WORK REQUEST
Would you please set down, word for word, the lines from the one with "- Dieses wunderschöne" through the final line of the data below, omitting any pictures?

SUPPLIED MATERIAL
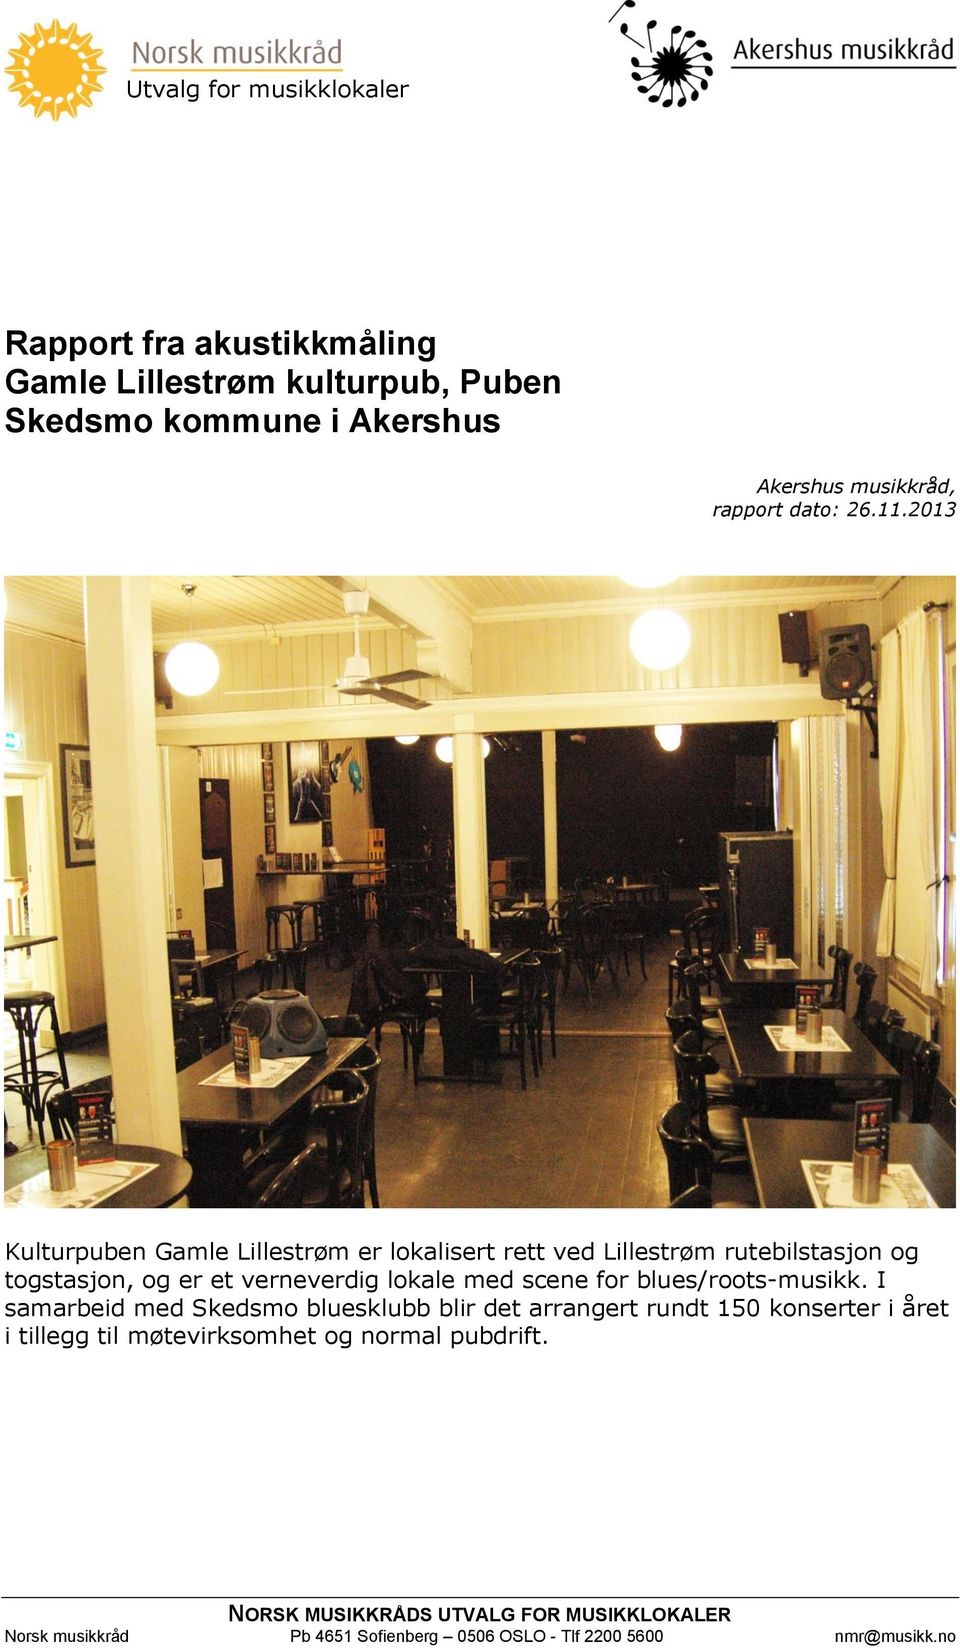 2013 Kulturpuben Gamle Lillestrøm er lokalisert rett ved Lillestrøm rutebilstasjon og togstasjon, og er et verneverdig lokale med scene for
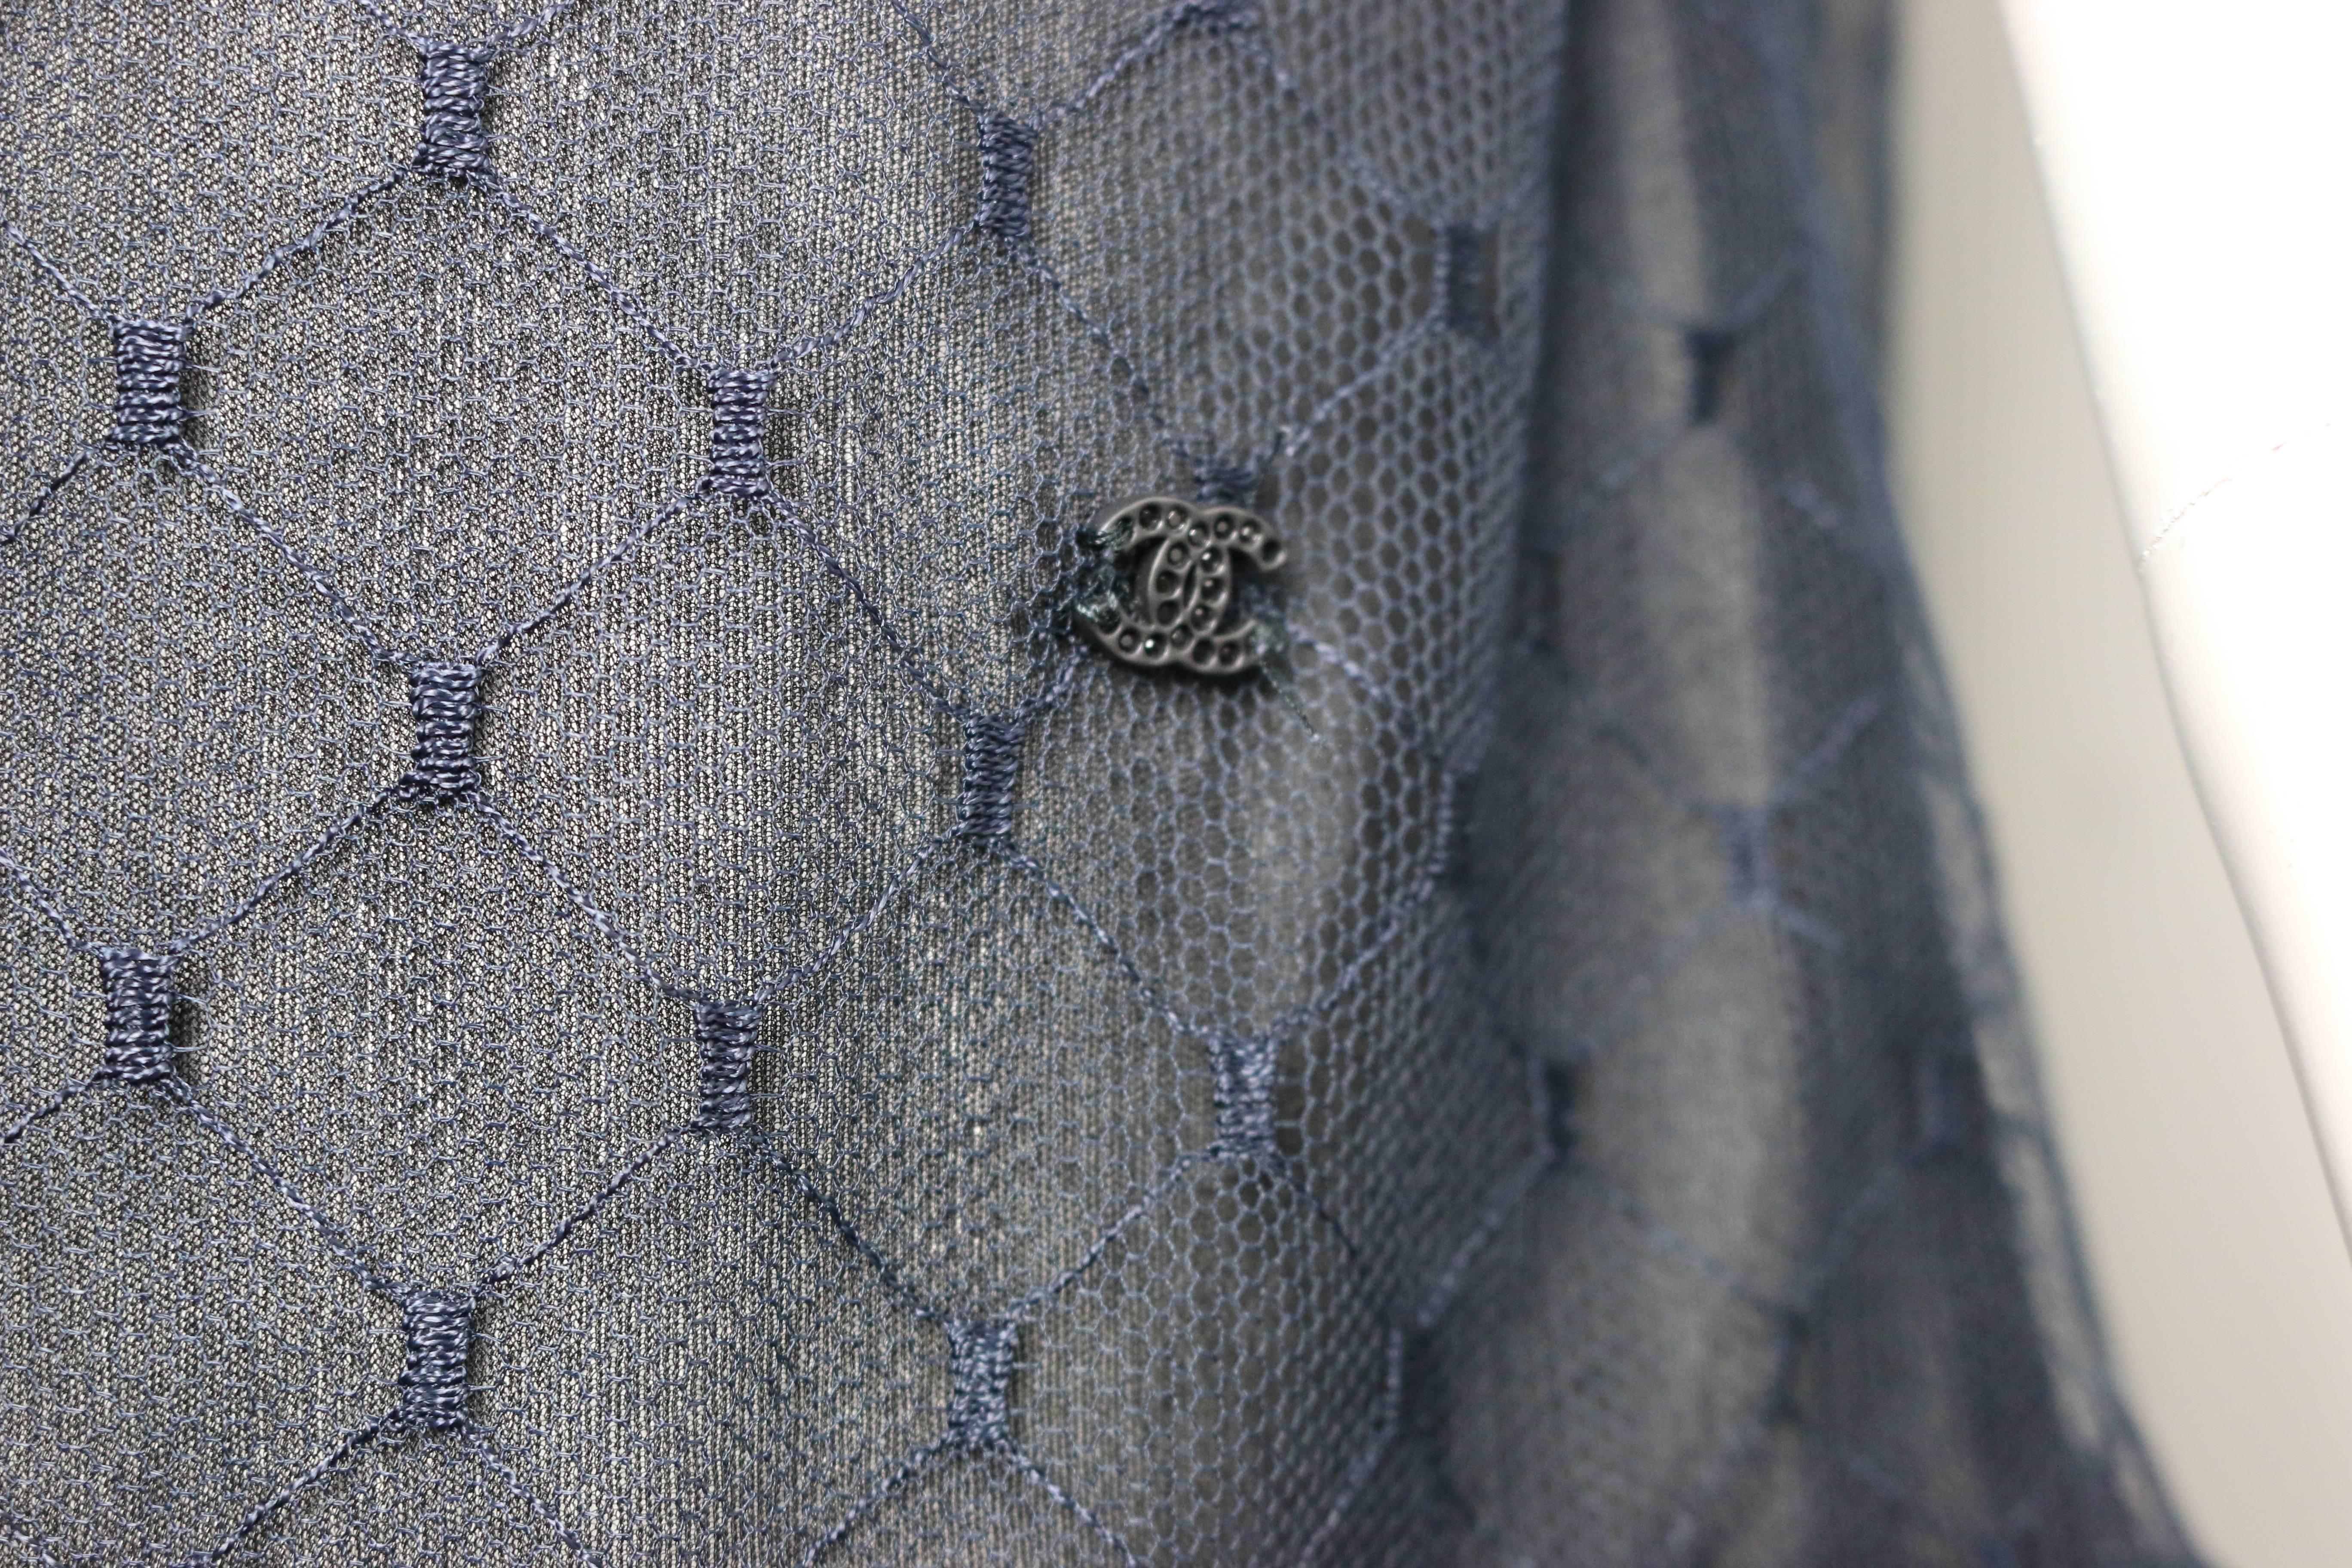 - Dieses wunderschöne marineblaue ärmellose Blusentop aus Spitze und Seide von Chanel ist ein echtes Sammlerstück. Mit geraffter und gekräuselter Vorderseite und satinblauer Paspelierung. Hinten durchsichtig, mit Seidenbandverschluss am Hals.  Ein
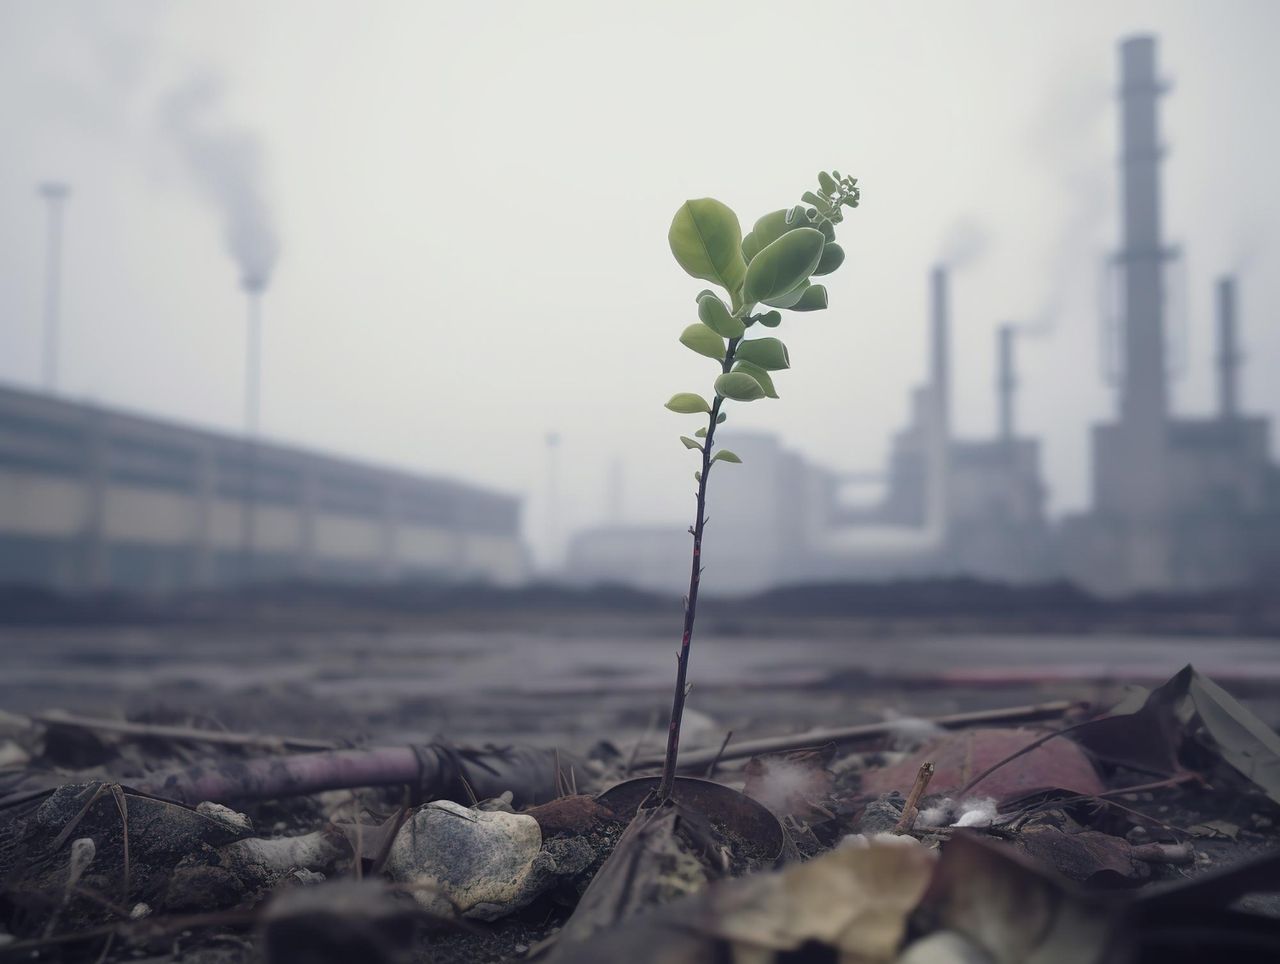 COP28 klímacsúcs: elfogadták a fosszilis tüzelőanyagok kivezetésére vonatkozó zárónyilatkozatot
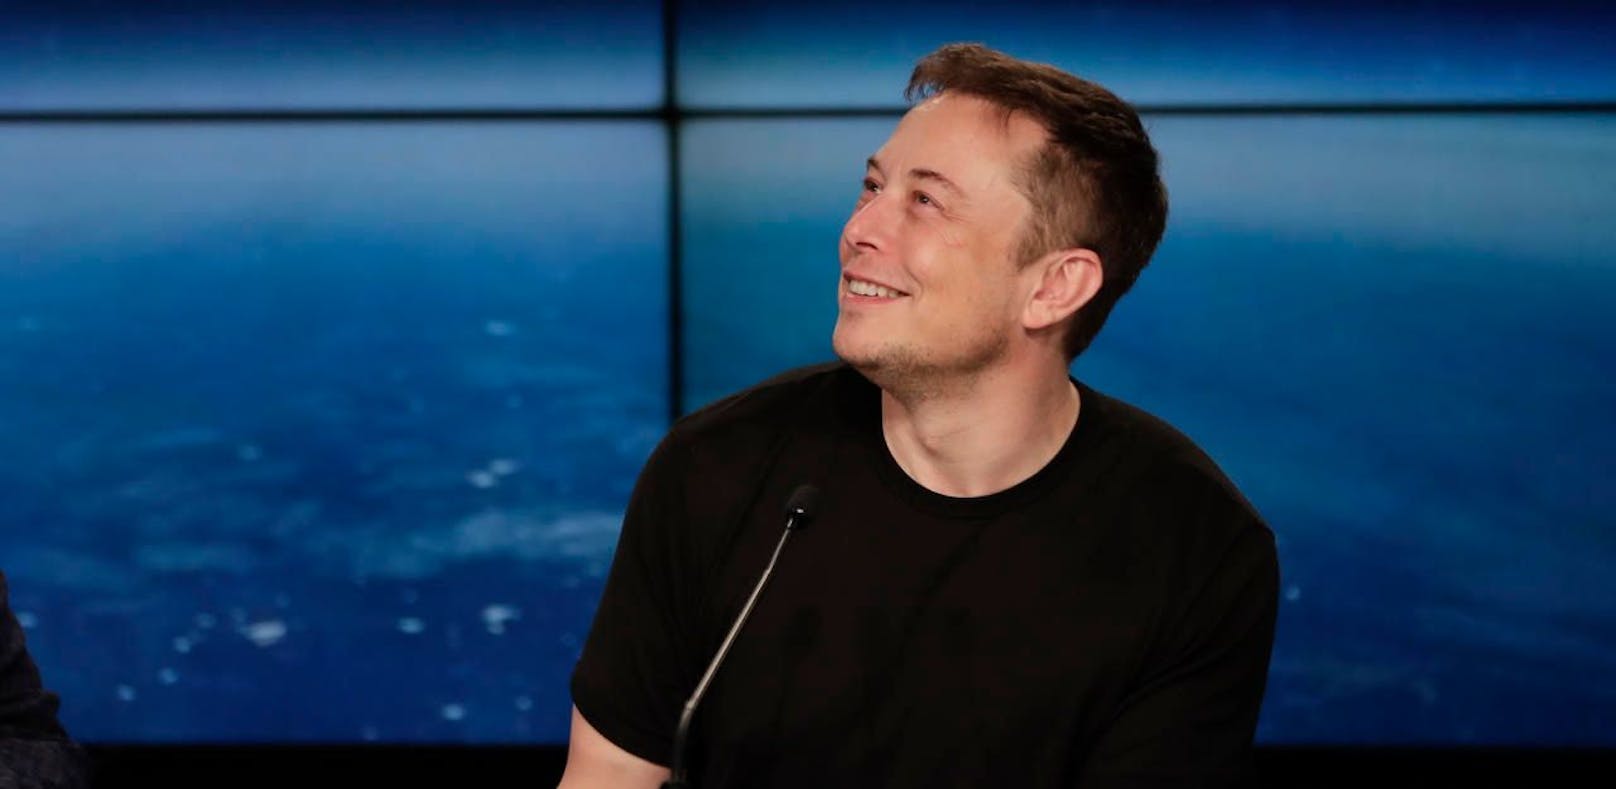 Elon Musk, Gründer von Tesla und SpaceX, löscht die Facebook-Seiten seiner Unternehmen

TASK RESULT
 - Dieses wunderschöne marineblaue ärmellose Blusentop aus Spitze und Seide von Chanel ist ein echtes Sammlerstück. Mit geraffter und gekräuselter Vorderseite und satinblauer Paspelierung. Hinten durchsichtig, mit Seidenbandverschluss am Hals.  Ein
 COP28 klímacsúcs: elfogadták a fosszilis tüzelőanyagok kivezetésére vonatkozó zárónyilatkozatot
 Elon Musk, Gründer von Tesla und SpaceX, löscht die Facebook-Seiten seiner Unternehmen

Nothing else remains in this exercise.